EXERCISE DESCRIPTION: Only the pictures are to be left out; set down the rest of the records exactly.

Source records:

- - - - -

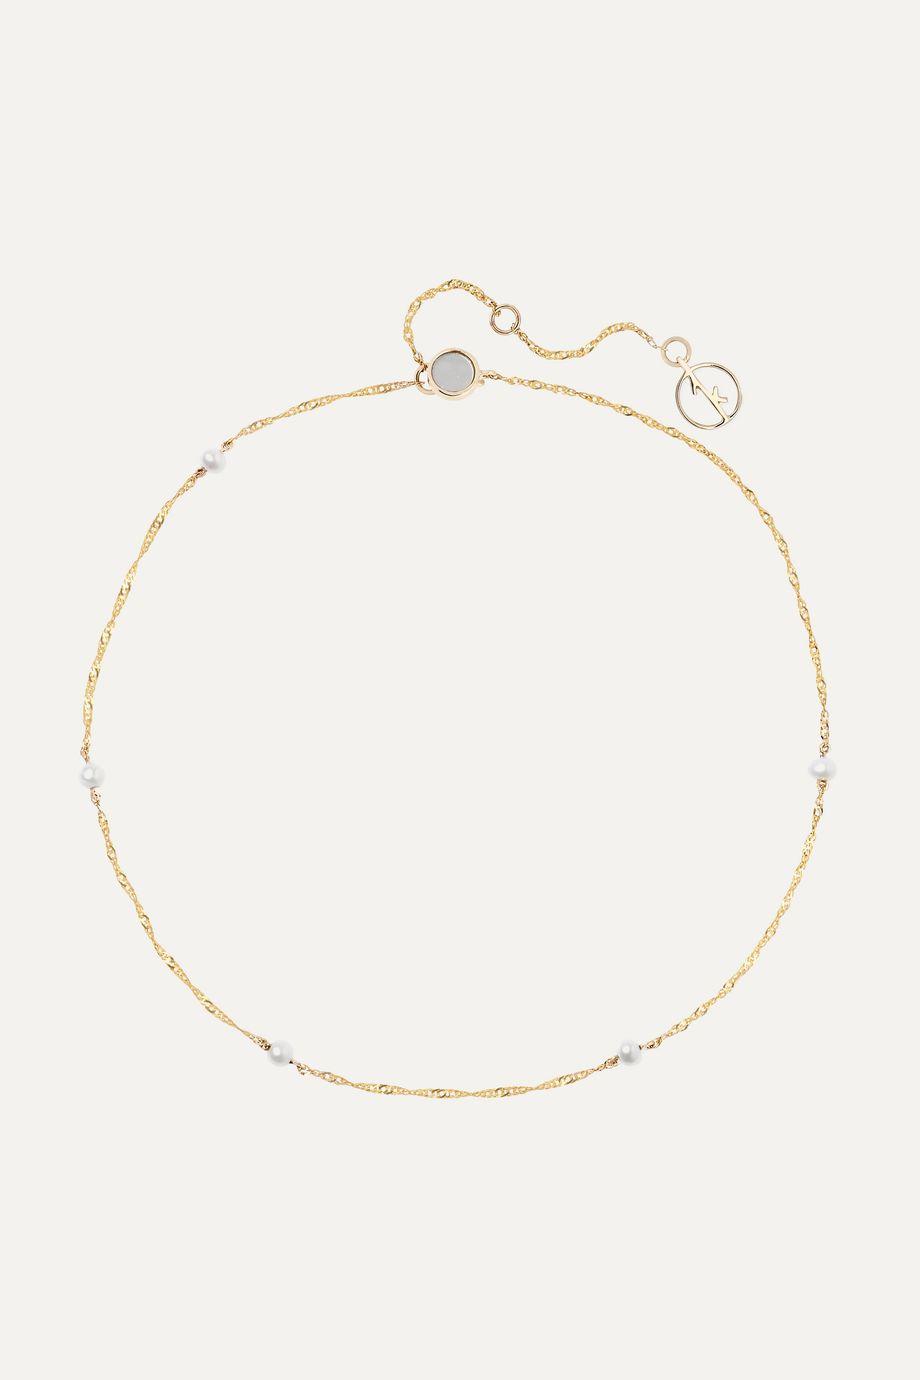 Anissa Kermiche 14-karat gold pearl anklet
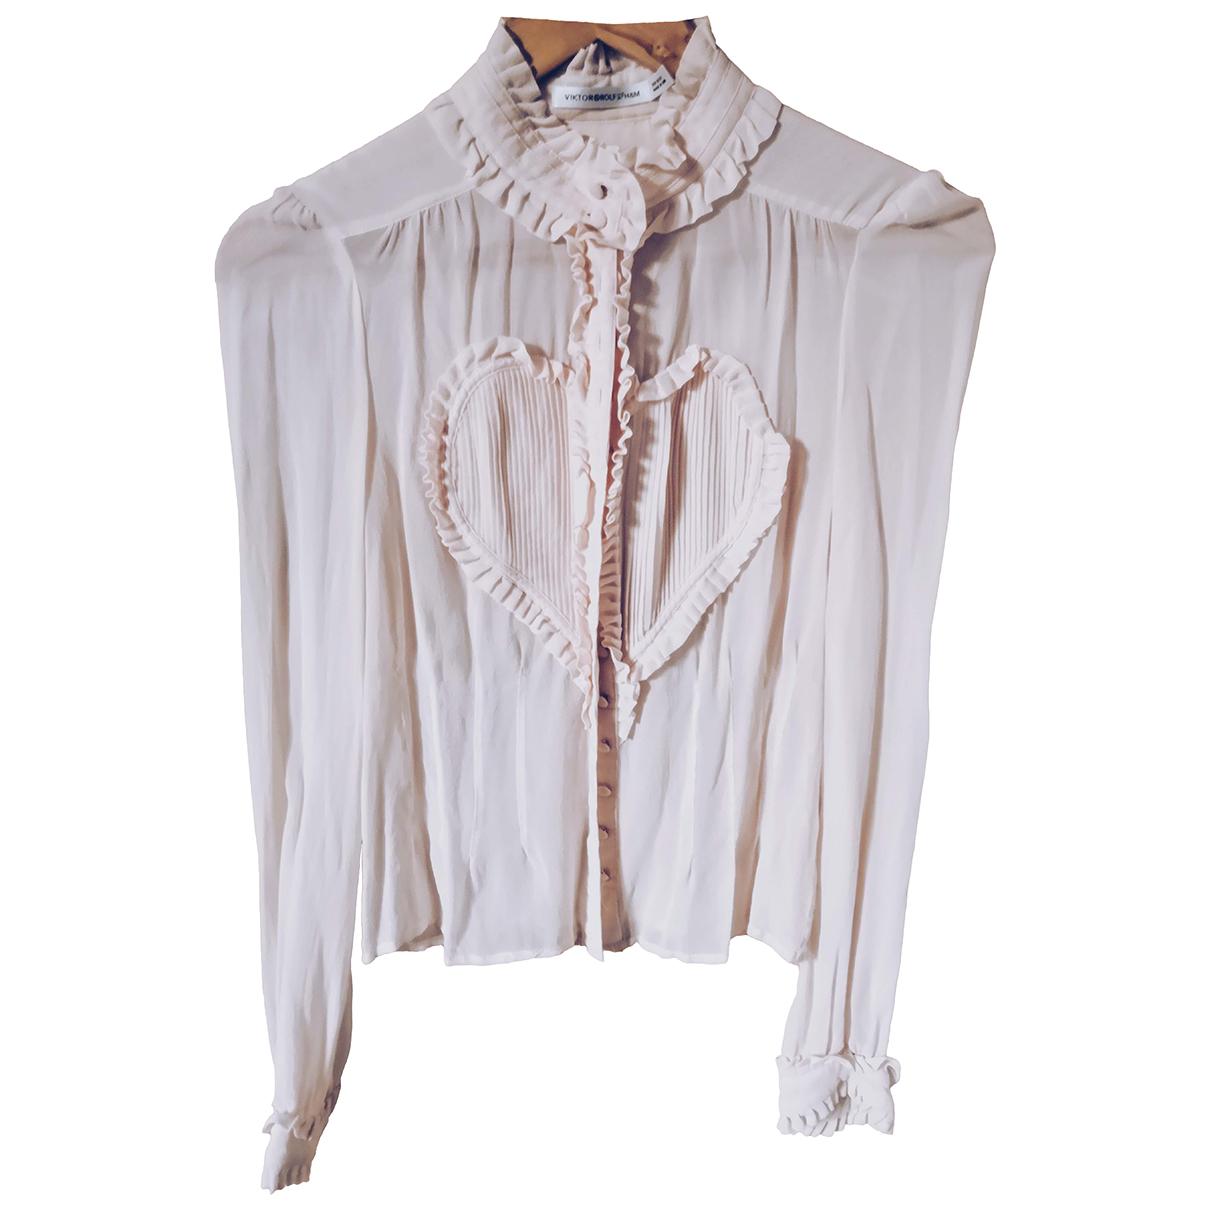 Camisa de Seda Viktor & Rolf By H&m
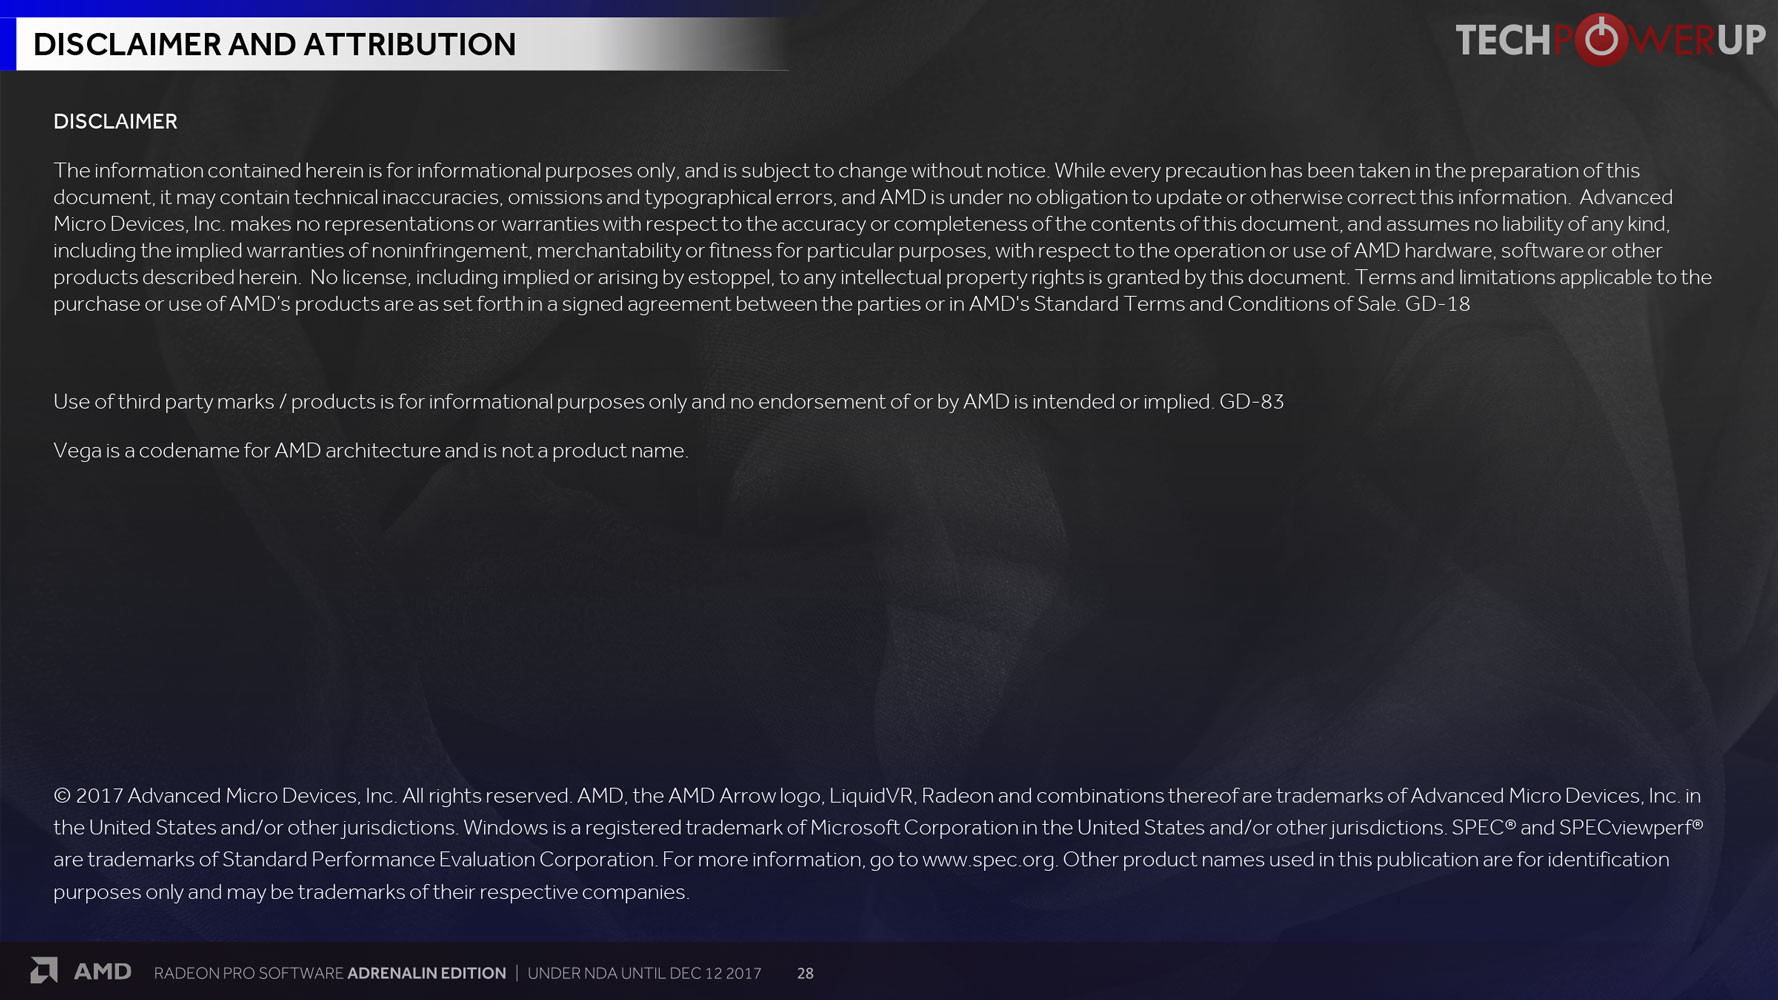 AMD Radeon Pro Adrenalin Edition 17 12 1 Drivers Detailed | TechPowerUp
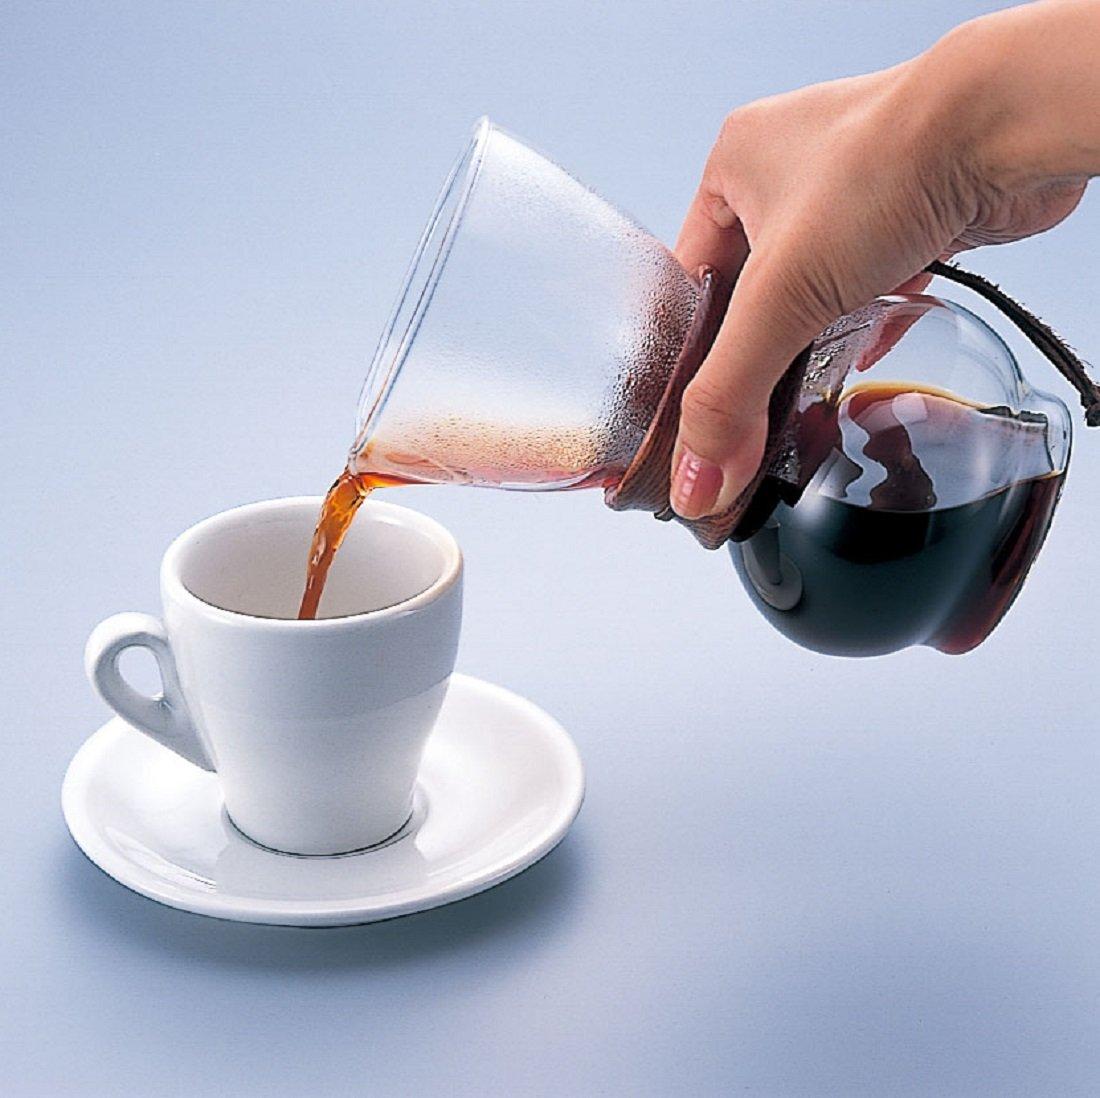 Hario woodneck coffee drip pot - Hario 1 Piece 240 Ml Glass Drip Pot Natural Amazon Co Uk Kitchen Home
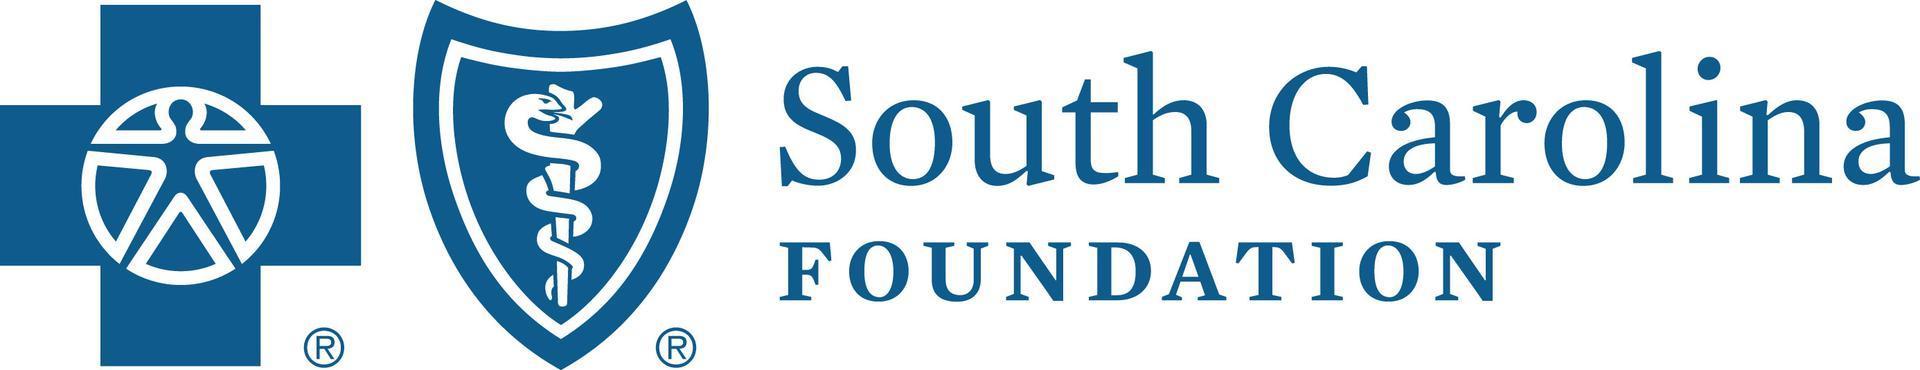 Logos of the BlueCross BlueShield of South Carolina Foundation

- - - - -

EXERCISE ANSWER:
 Anissa Kermiche 14-karat gold pearl anklet
 Camisa de Seda Viktor & Rolf By H&m
 AMD Radeon Pro Adrenalin Edition 17 12 1 Drivers Detailed | TechPowerUp
 Hario woodneck coffee drip pot - Hario 1 Piece 240 Ml Glass Drip Pot Natural Amazon Co Uk Kitchen Home
 Logos of the BlueCross BlueShield of South Carolina Foundation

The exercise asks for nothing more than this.